Secondo il racconto di Vitale il graduato, dopo aver confabulato con un funzionario di ps con la fascia tricolore che potrebbe perciò essere il dottor Lapi, «improvvisamente, si portava ad una distanza ravvicinata e senza alcun motivo, indirizzava un getto di luquido urticante prima verso un ragazzo che osservava tranquillo la scena, e che non aveva fino a quel momento detto o fatto alcunché (è il giovane rimasto sconosciuto) e poi verso di me e verso il collega. A quel punto - prosegue Vitale - si allontanava. Io sentivo subito un fortissimo bruciore al volto, non riuscivo a tenere gli occhi aperti, resporavo a fatica e mi veniva da vomitare».
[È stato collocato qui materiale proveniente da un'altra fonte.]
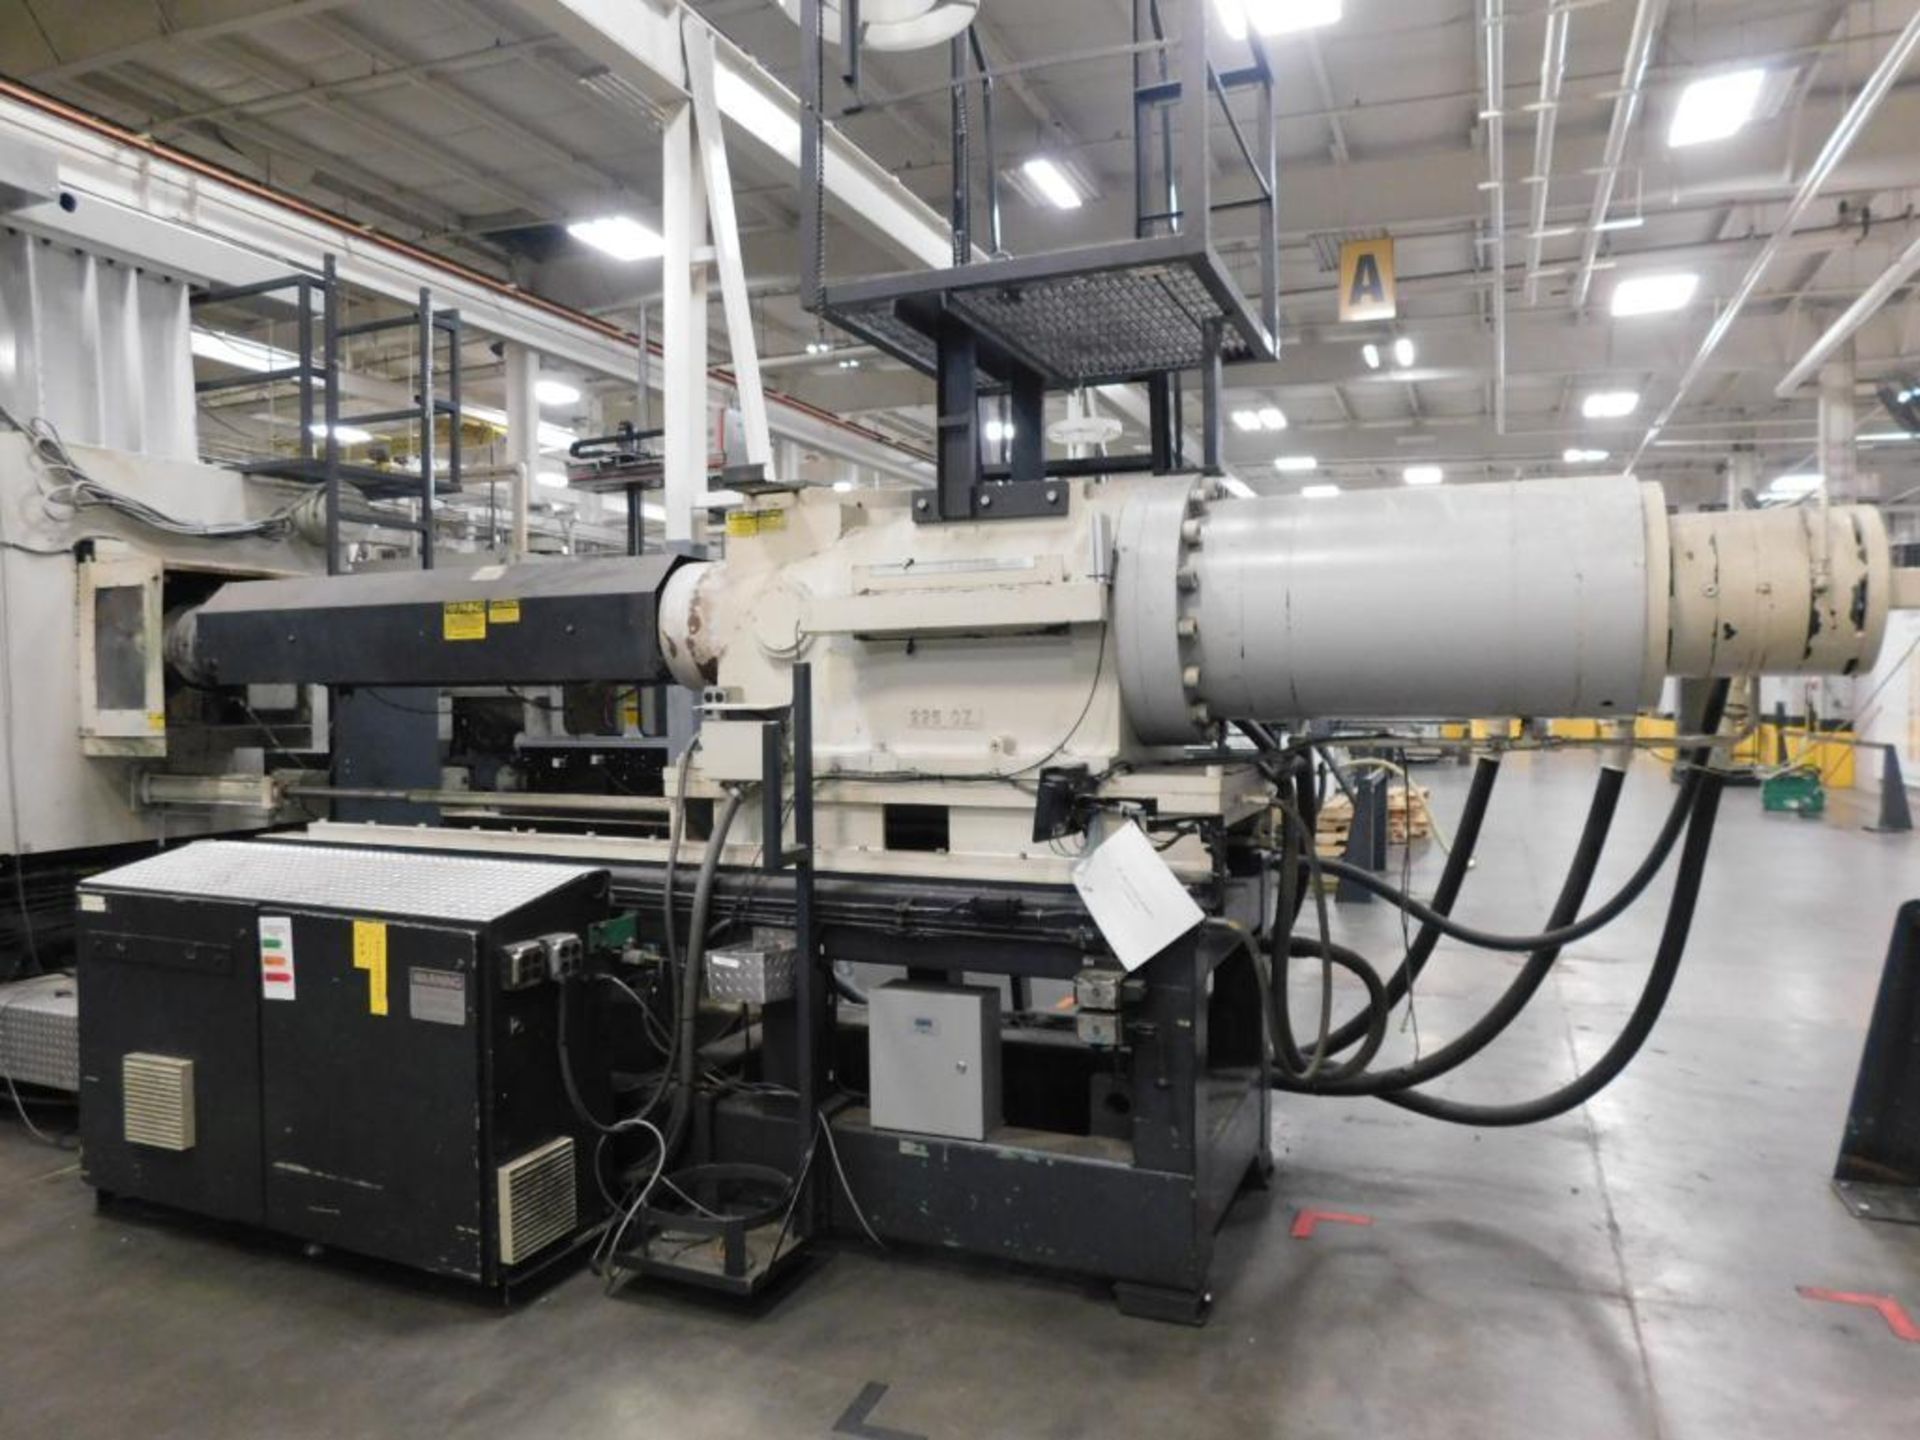 Cincinnati Milacron H1000-225 W/P 1000-Ton Horizontal Injection Molding Machine, S/N 3961A01/83-3 (A - Image 5 of 14

Intervistato da Repubblica, Canterini non ha negato di essere il funzionario ripreso in quella scena. Ha detto però: «Mi sarebbe piaciuto vedere una foto scattata dall'alto. Perché avrebbe mostrato cosa c'era dietro quel ragazzo, gente che si stava avvicinando rapidamente e non certo per stringerci la mano. Quel ragazzo era la parte avanzata del gruppo». Vitale la racconta diversamente: «A quell'ora c'era già stato qualche problema ma non dov'eravamo noi, alle nostre spalle non c'erano `aggressori'. C'era invece gente che scappava da via Tolemaide, lungo via Tolemaide, nella direzione in cui l'agente stava sparando il candelotto», e cioè alle spalle di Canterini. Raggiunto ieri dal manifesto, il comandante si è rifiutato di fare altri commenti. «Me l'ha consigliato anche l'avvocato, rischiamo solo di fare altri polveroni. Scusi tanto ma è meglio di no».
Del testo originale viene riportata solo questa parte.